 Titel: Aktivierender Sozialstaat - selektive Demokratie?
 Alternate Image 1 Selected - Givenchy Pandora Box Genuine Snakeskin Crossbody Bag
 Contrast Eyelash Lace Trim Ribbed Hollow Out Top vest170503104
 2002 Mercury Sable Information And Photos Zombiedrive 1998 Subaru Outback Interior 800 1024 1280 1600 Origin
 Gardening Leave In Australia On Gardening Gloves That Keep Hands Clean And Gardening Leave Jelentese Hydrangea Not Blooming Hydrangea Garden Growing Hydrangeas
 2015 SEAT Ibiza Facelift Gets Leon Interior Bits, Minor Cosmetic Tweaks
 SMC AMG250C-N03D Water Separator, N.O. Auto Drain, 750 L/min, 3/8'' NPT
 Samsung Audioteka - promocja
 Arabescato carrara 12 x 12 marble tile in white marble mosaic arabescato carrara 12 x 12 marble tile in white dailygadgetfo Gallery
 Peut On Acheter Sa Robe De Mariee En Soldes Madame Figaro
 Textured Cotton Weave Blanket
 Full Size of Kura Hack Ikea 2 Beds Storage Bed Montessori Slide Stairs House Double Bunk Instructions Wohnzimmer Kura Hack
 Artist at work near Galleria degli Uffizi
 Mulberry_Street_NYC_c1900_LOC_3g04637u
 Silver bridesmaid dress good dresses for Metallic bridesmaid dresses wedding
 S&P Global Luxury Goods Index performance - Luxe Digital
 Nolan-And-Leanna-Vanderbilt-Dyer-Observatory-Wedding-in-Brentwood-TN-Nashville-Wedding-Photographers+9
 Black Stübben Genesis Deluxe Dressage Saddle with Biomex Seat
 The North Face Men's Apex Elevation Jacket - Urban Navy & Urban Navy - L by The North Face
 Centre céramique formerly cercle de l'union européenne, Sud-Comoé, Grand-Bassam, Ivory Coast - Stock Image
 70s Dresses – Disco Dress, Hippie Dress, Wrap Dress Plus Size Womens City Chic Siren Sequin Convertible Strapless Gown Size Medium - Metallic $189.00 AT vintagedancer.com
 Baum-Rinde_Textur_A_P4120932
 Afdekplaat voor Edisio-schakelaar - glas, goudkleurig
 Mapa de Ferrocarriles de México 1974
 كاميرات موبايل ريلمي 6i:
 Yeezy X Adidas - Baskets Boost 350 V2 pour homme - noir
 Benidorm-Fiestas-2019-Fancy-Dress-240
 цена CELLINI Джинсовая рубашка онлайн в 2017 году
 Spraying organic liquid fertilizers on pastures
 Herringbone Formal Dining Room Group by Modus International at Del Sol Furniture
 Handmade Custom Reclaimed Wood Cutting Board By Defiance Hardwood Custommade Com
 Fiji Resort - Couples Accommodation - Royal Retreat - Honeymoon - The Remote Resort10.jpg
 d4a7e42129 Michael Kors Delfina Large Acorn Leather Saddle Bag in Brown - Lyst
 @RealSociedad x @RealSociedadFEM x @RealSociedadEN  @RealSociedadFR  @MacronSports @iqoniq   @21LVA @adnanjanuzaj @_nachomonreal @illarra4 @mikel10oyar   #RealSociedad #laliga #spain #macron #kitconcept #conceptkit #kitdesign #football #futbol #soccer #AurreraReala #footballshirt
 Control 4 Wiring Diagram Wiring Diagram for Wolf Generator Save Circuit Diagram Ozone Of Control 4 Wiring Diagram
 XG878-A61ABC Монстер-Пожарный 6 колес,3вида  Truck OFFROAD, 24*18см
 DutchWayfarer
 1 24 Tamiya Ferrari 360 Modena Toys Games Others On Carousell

_ _ _ _ _ _ _

A verbatim transcription is required: the first line of the listing, the line containing "Contrast Eyelash Lace", and every line between them.

 Titel: Aktivierender Sozialstaat - selektive Demokratie?
 Alternate Image 1 Selected - Givenchy Pandora Box Genuine Snakeskin Crossbody Bag
 Contrast Eyelash Lace Trim Ribbed Hollow Out Top vest170503104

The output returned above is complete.